FIGURE 3Increased astrocytes and microglia cell density in the retina of AD patients. (A) Representative images of retinal slices from AD patients and control cases immunolabeled with anti-GFAP antibody (red) and Hoechst for nuclei visualization (blue); bar 20 μm. (B) Quantification of GFAP area covered by fluorescent signal/field of view (∗∗∗∗p < 0.001 AD vs. Ctrl; t-test; n = 44/6 fields/patients). (C) Representative images of retinal slices from AD patients and control cases immunolabeled with anti-Iba1 antibody (red) and Hoechst for nuclei visualization (blue); bar 20 μm. (D) Quantification of Iba1 area covered by fluorescent signal/field of view (∗∗∗p < 0.005 AD vs. Ctrl; t-test; n = 73/10 fields/patients). IL, inner layer; OL, outer layer.
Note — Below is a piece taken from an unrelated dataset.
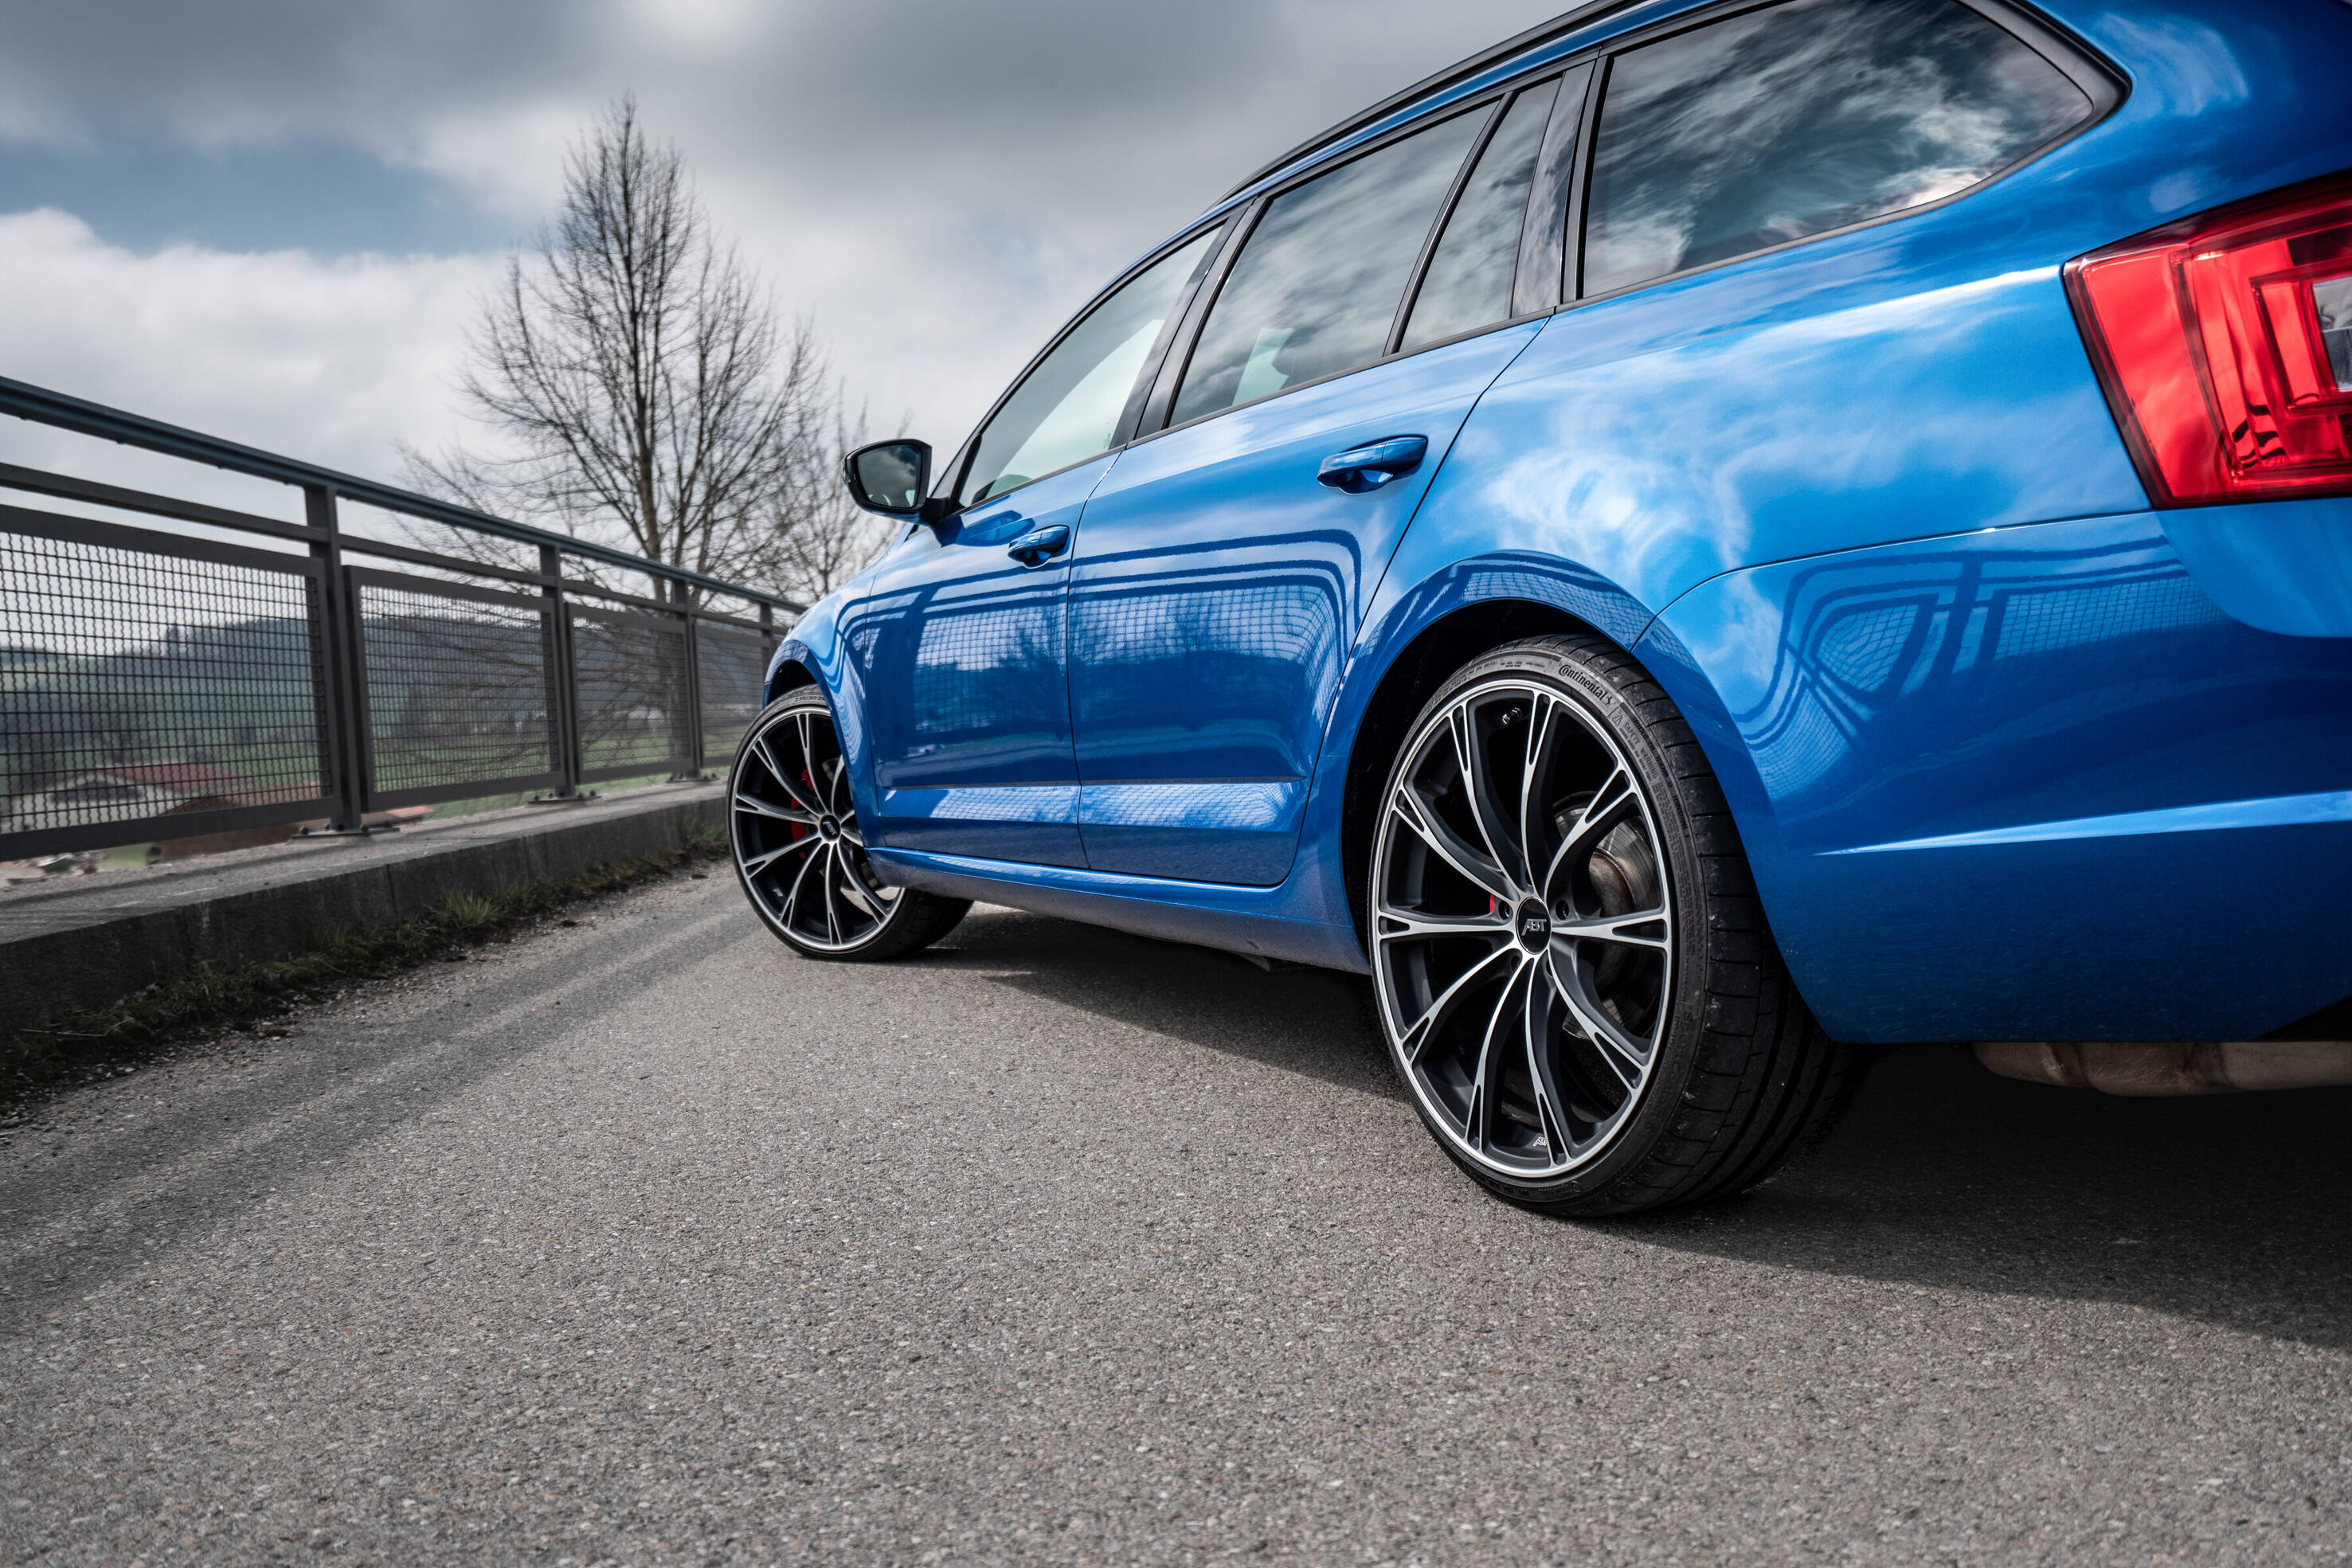 290 HP and new suspension kits: perfect drive for the Skoda

FIGURE 4AD patient’s retina display complement C3 and IL-1β upregulation. (A) Representative images of retinal slices from AD patients (bottom) and control cases (top) immunolabeled with anti-IL-1β antibody (green), Iba1 (red) and Hoechst for nuclei visualization (blue); bar 20 μm. (B) Quantification of cells positive for both Iba1 and IL-1β signal/field of view (∗p < 0.05 AD vs. Ctrl; t-test; n = 31/5 fields/patients). (C) Representative images of retinal slices from AD patients and control cases immunolabeled with anti-GFAP antibody (red), C3 (green) and Hoechst for nuclei visualization (blue); bar 20 μm. (D) Quantification of GFAP/C3 co-localization area/field of view (∗∗∗∗p < 0.001 AD vs. Ctrl; t-test; n = 45/6 fields/patients). IL, inner layer; OL, outer layer.
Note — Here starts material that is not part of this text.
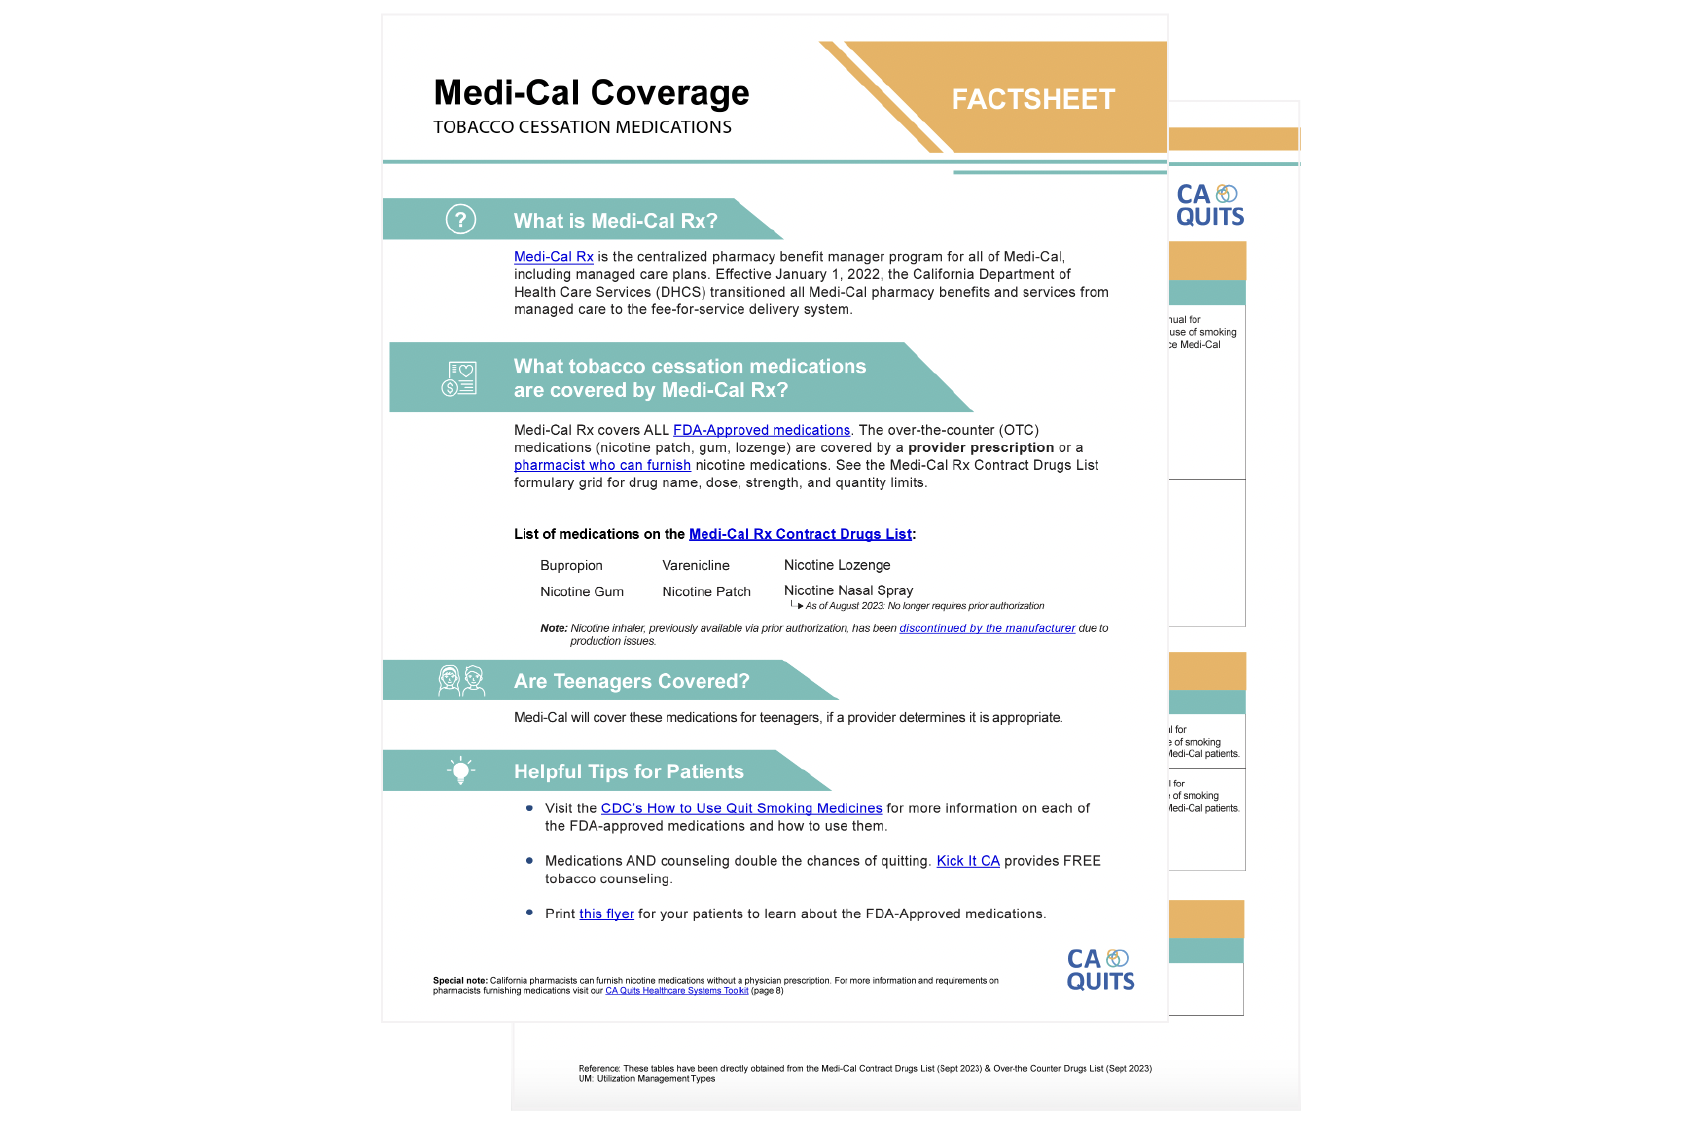 An image of the Medi-Cal Rx factsheet

FIGURE 5Osteopontin and TREM2 expression in AD patient’s retina. (A) Representative images of retinal slices from AD patients (bottom) and control cases (top) immunolabeled with anti-OPN (green), tuj-1 (red) and Hoechst for nuclei visualization (blue); bar 20 μm. (B) Quantification of OPN area covered by fluorescent signal/field of view (∗∗∗∗p < 0.001 AD vs. Ctrl; t-test; n = 24/3 fields/patients). (C) Quantification of OPN/TUJ1 co-localization area/field of view, in% (∗∗p < 0.01 AD vs. Ctrl; t-test; n = 36/6 fields/patients). (D) Representative images of retinal slices from AD patients (bottom) and control cases (top) stained with anti TREM2 mRNA fluorescent probe (red), anti-Iba1 (green) and Hoechst for nuclei visualization (blue); bar 20 μm. Note that cells expressing TREM2 are not always positive for Iba1. (E) Number of TREM2 positive cells/field of view (∗p < 0.05 AD vs. Ctrl; t-test; n = 31/4 fields/patients). IL, inner layer; OL, outer layer.